Specifically, Zimel said that retail space per capita in the greater Austin area was about 44 square feet, whereas other Sun Belt markets typically average about 65 square feet of retail space per head. Based on the current population, Zimel said that Austin would need to add about 21 million square feet of be in line with those other market averages. He also conceded that suburban markets make the most sense as landing zones for that product and noted that the bulk of Endeavor’s development pipeline is concentrated in those areas.
Evan Dyer, principal of retail development at Hunington Properties, said that many tenants are still pushing hard to expand in the Austin area because “they can see that growth happening.” He cited one of Hunington’s tenant partners, 7-Eleven, as an example of an operator that sees major potential in the region, just not necessarily in prime locations.
Dyer also talked at length about retail development prospects in the northern suburb of Georgetown, where both single-family and multifamily residential development are still happening and more national and regional retailers are planting their flags. Centers anchored by San Antonio-based grocer H-E-B have been especially successful in bringing in new uses, Dyer noted.
His analysis of this submarket touched on the importance of trusting in the future growth, especially with regard to operators that are not intimately familiar with the Austin market.

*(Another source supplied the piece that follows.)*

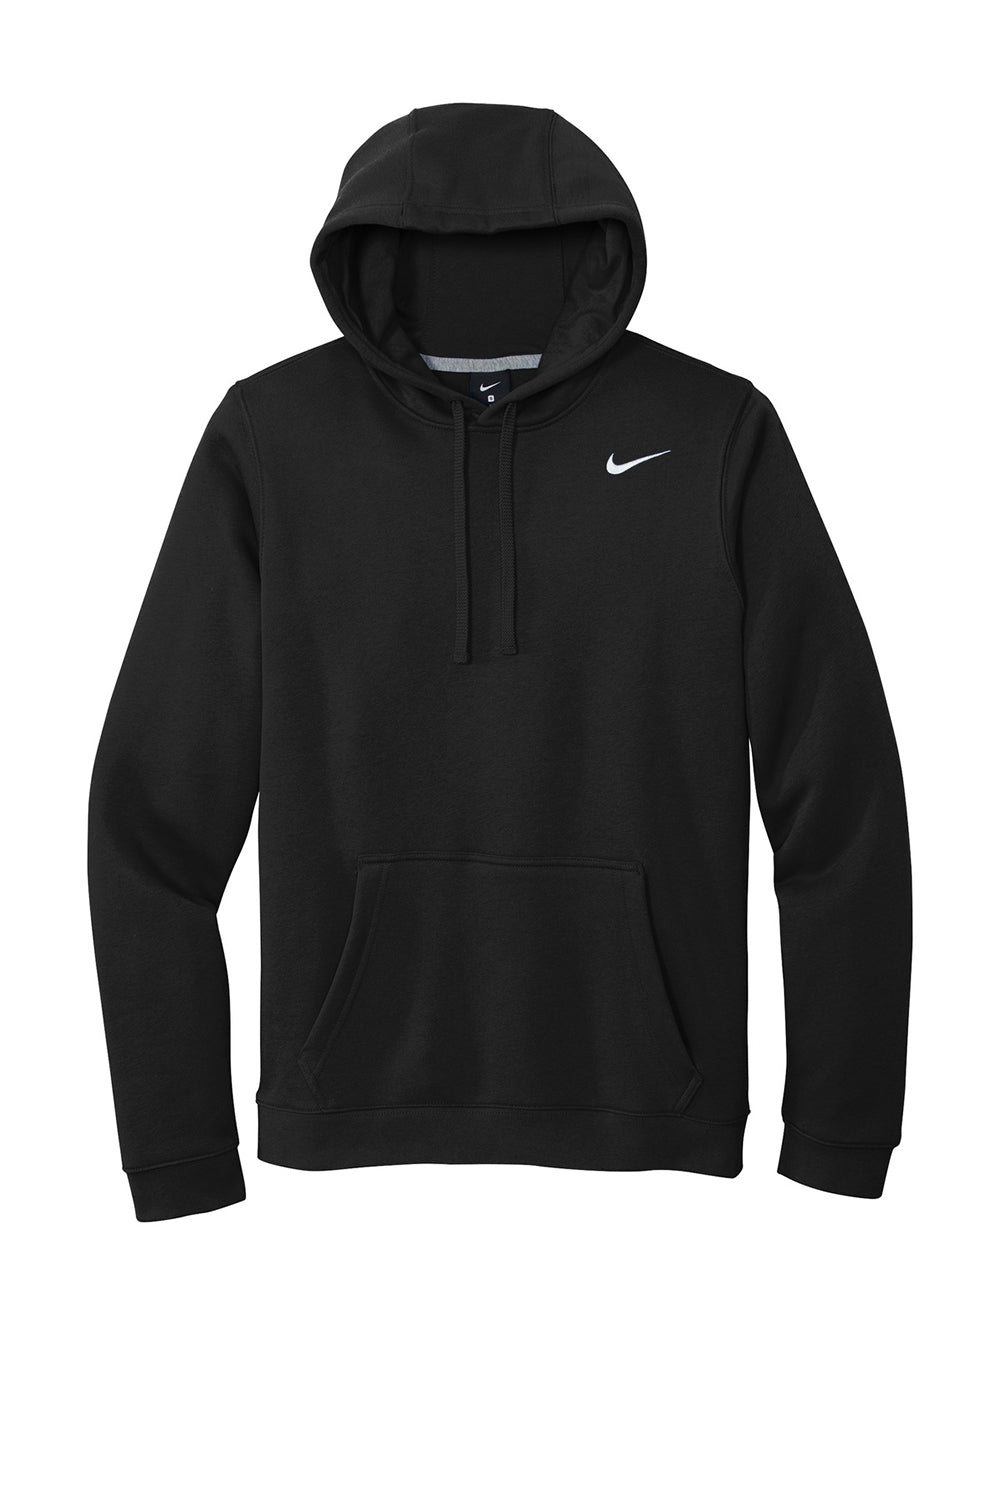 Nike CJ1611 Mens Club Fleece Hooded Sweatshirt Hoodie Black Flat Front

“The initial view of this corridor, from a lot of brokers and users themselves [who are] from outside of Austin is ‘this is green,’” Dyer said. “And we tell them, ‘don’t leave, because in two years when we’re done, you’re going to wish you were here.’ And if those brokers or users are coming in from somewhere else and are used to different pricing or dynamics, they’re going to miss the boat. So now is the time to get in.”
Felipe Castillo, partner at Austin-based developer PlaceMKR, immediately seconded that notion, stating that, “a theme of Austin is that we’re typically looking 12 to 18 months ahead.” Castillo acknowledged that certain suburban nodes do still look and feel very “green” to the untrained observer, but also cited multiple projects that have already established a blueprint for success, provided the developers have the proper foresight.
Blake Berg, senior vice president of development and construction at Houston-based DC Partners, spoke to the importance of developers staying true to their visions and development practices as a means of cracking into high-barrier-to-entry markets. He espoused the belief that trusting in the authenticity and originality of projects would prevail, macroeconomic disruptors notwithstanding.
“There’s been so much volatility in the past five years, from COVID to supply chains to interest rates to an election cycle. You have to react somewhat to the market, but the worst thing a developers can do is have volatile swings on what their thesis is,” Berg said. “Even if you’re a merchant developer building to sell, if you develop your project with a lifelong mindset and get really good at your craft, you have to believe in that vision and what your competitive advantage is.”